**What the exercise asks:** Below this line are records; transcribe exactly the lines between the one holding "Contoh Surat Dokter Rs Hermina Surat 27" and the one holding "Sillas escritorio Muebles Toscana", inclusive, and omit the pictures.
Segment Start: Exercise materials
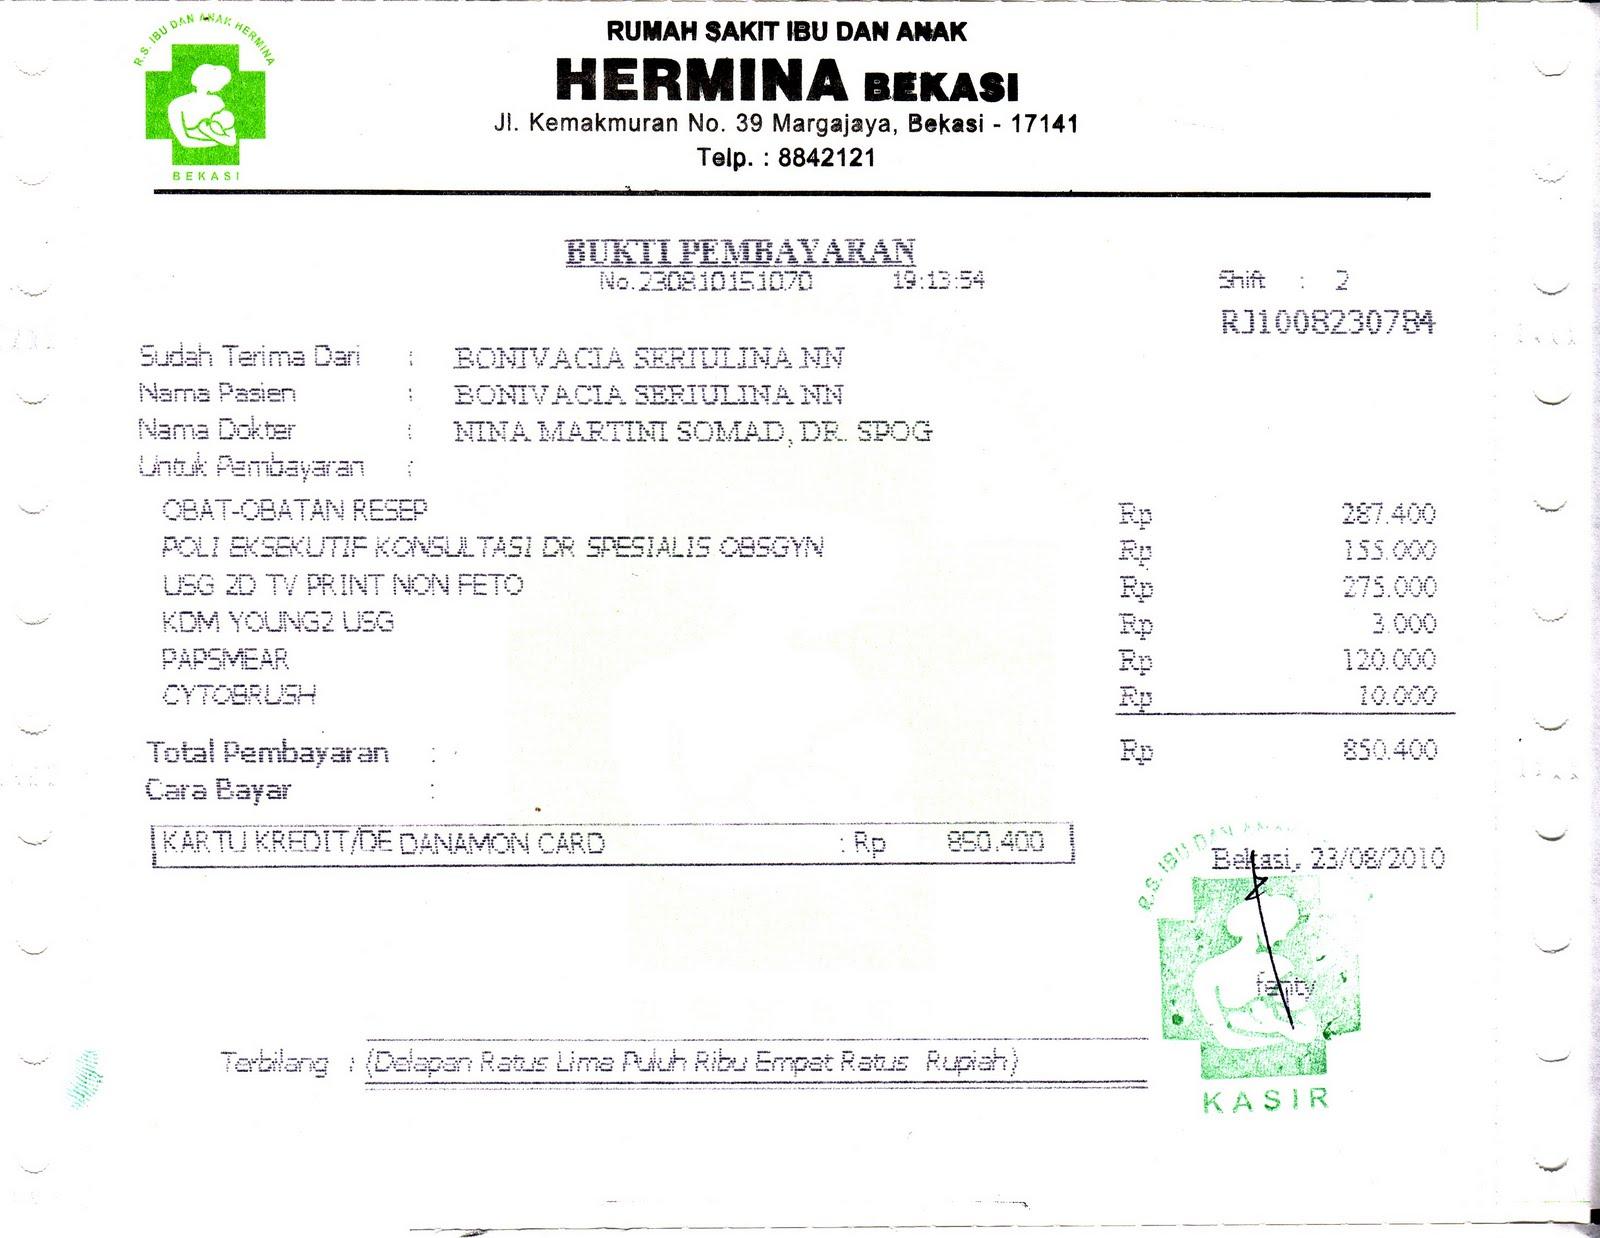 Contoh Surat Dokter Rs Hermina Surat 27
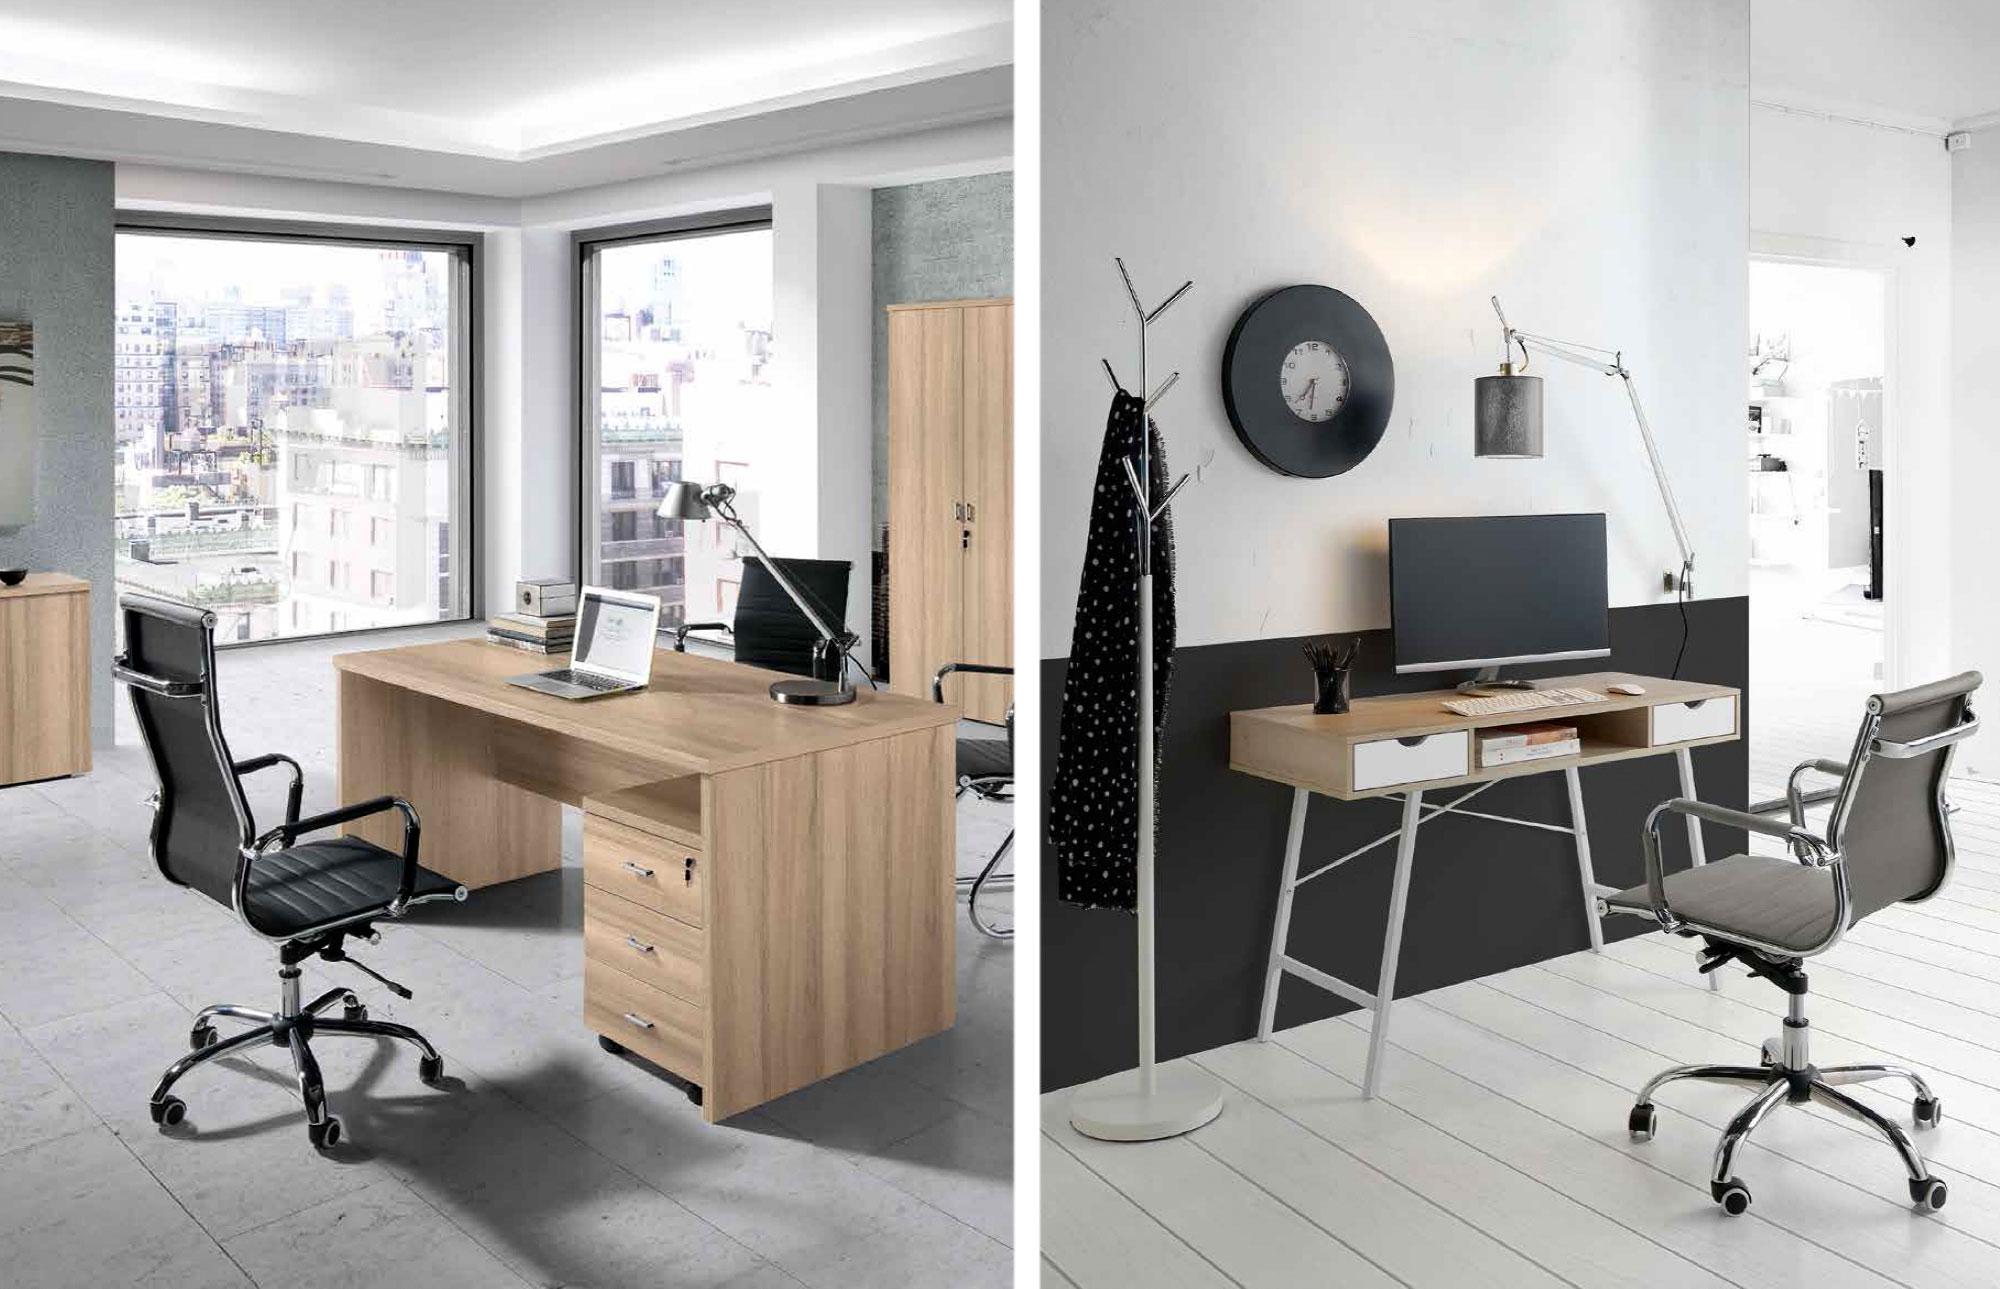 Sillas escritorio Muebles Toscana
Segment End: Exercise materials
Segment Start: Exercise materials
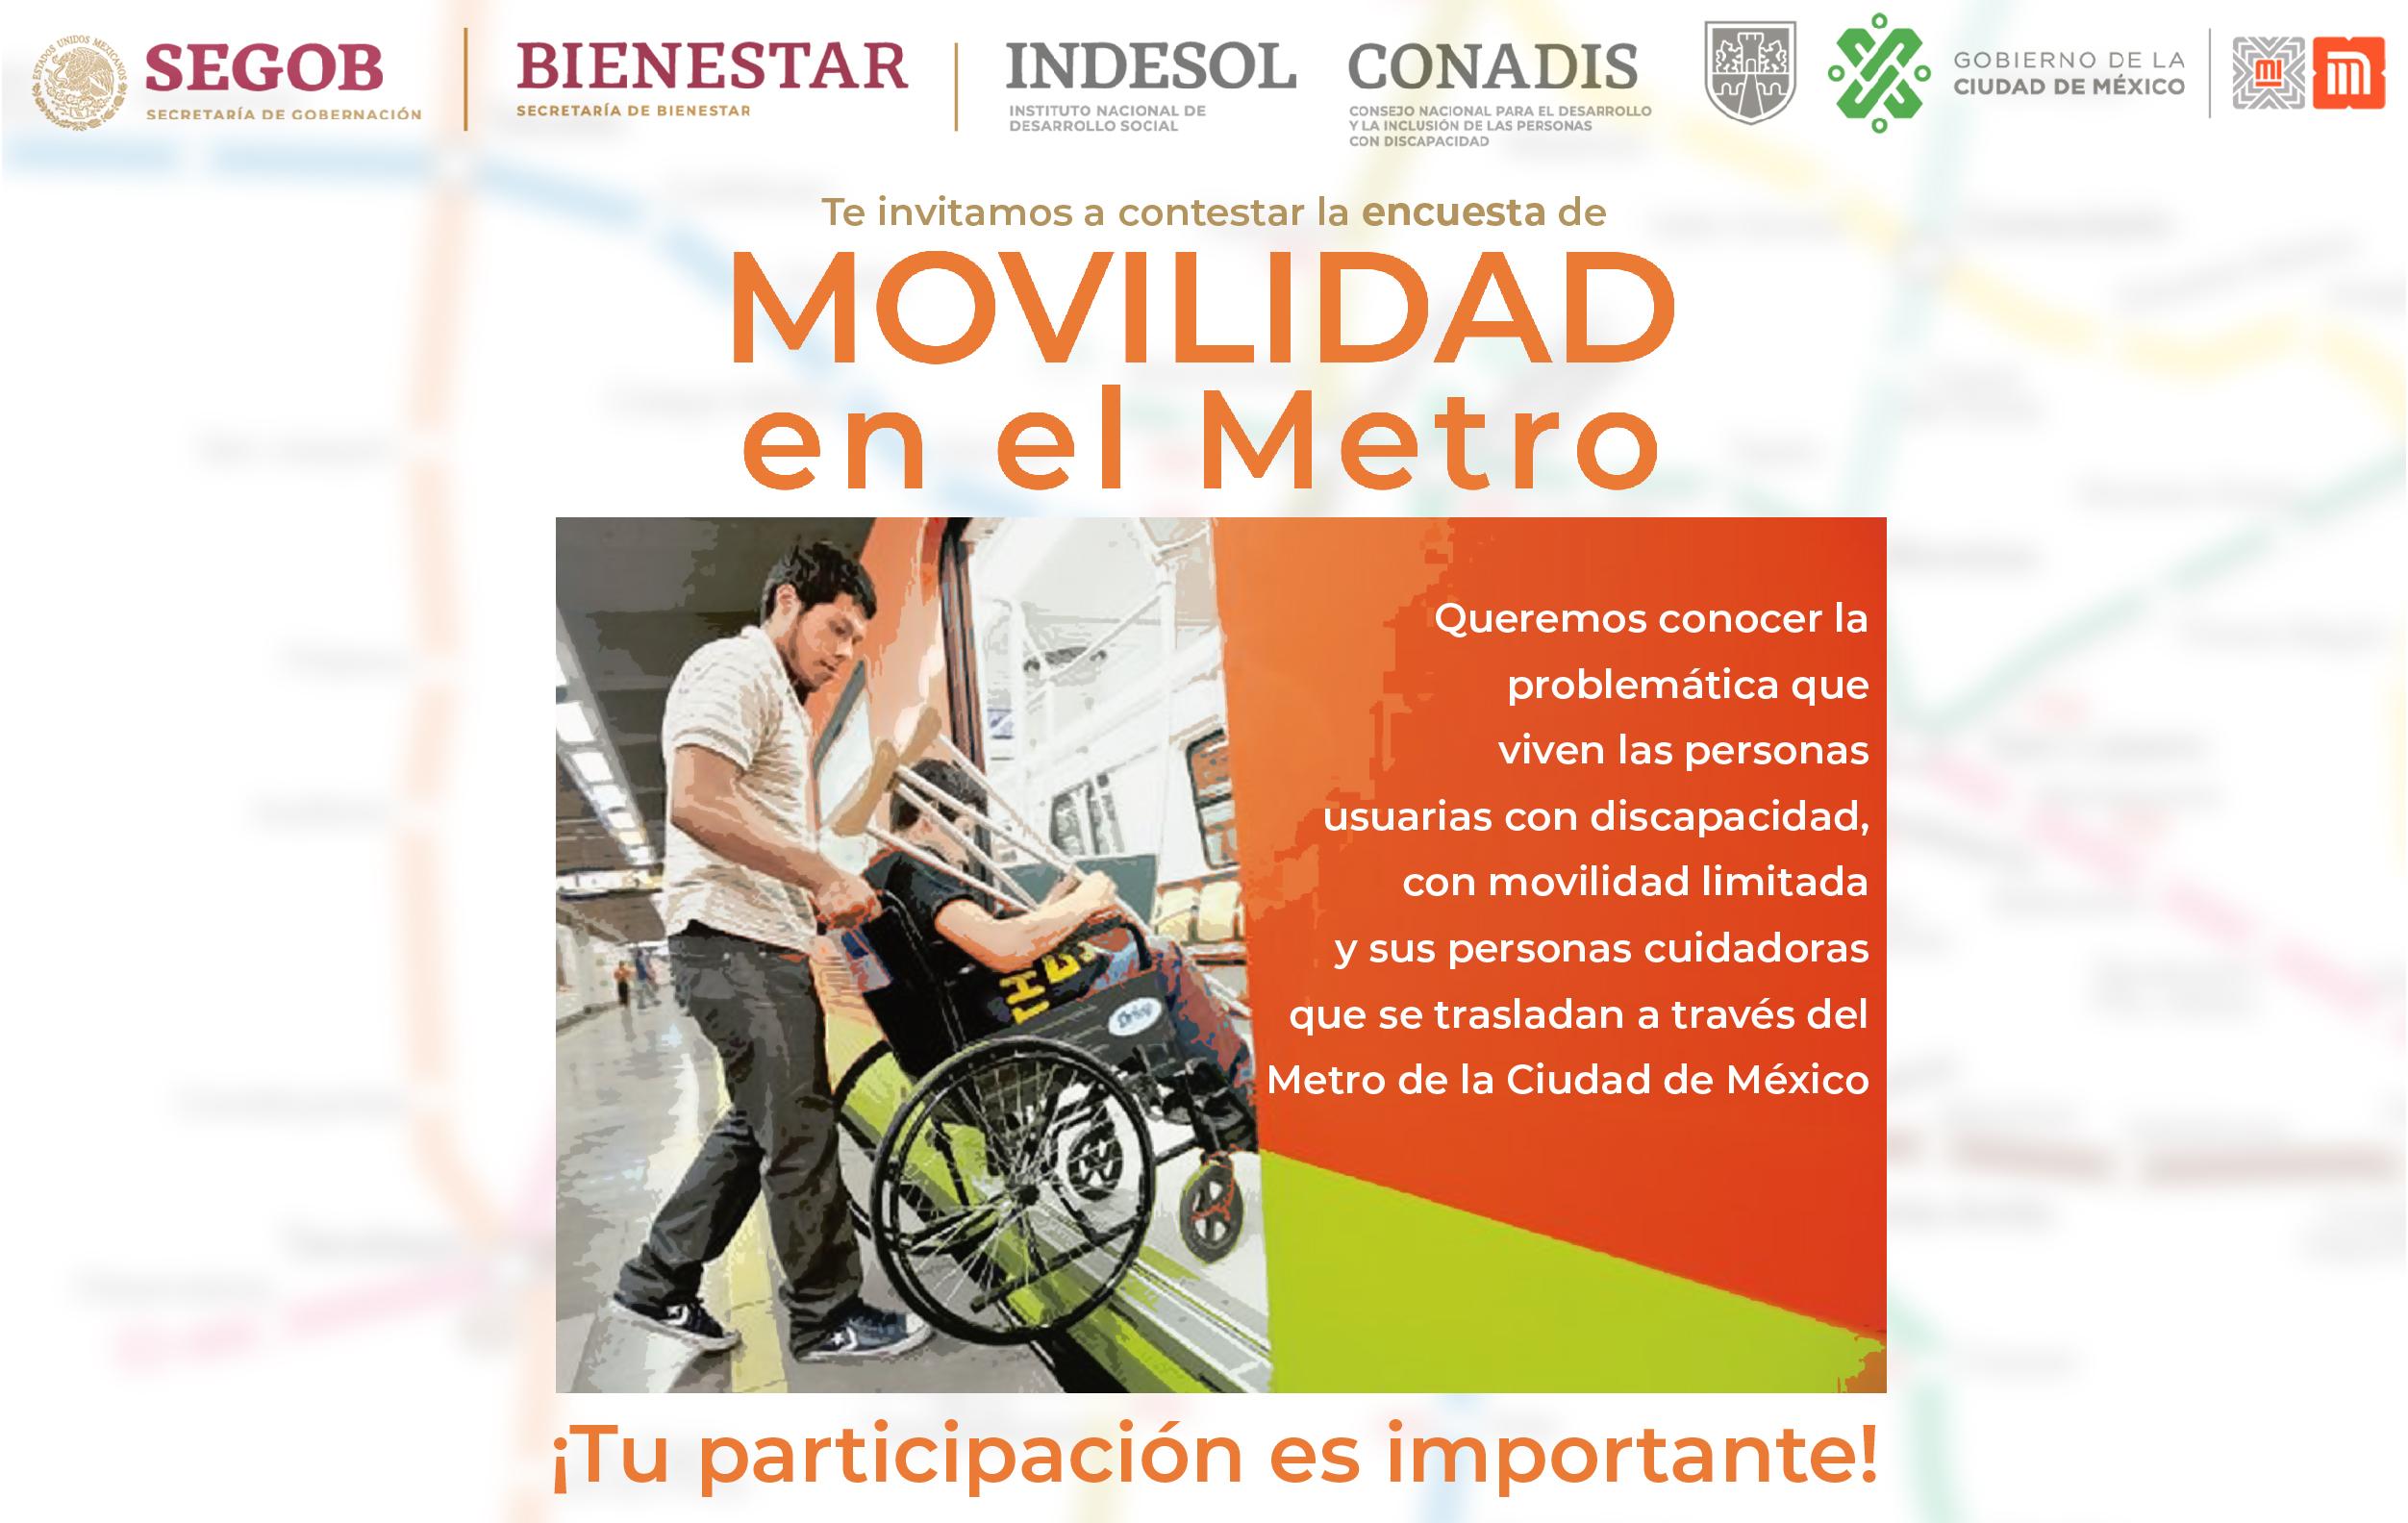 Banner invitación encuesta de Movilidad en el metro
Segment End: Exercise materials
**Result of the task:**
 Contoh Surat Dokter Rs Hermina Surat 27
 Sillas escritorio Muebles Toscana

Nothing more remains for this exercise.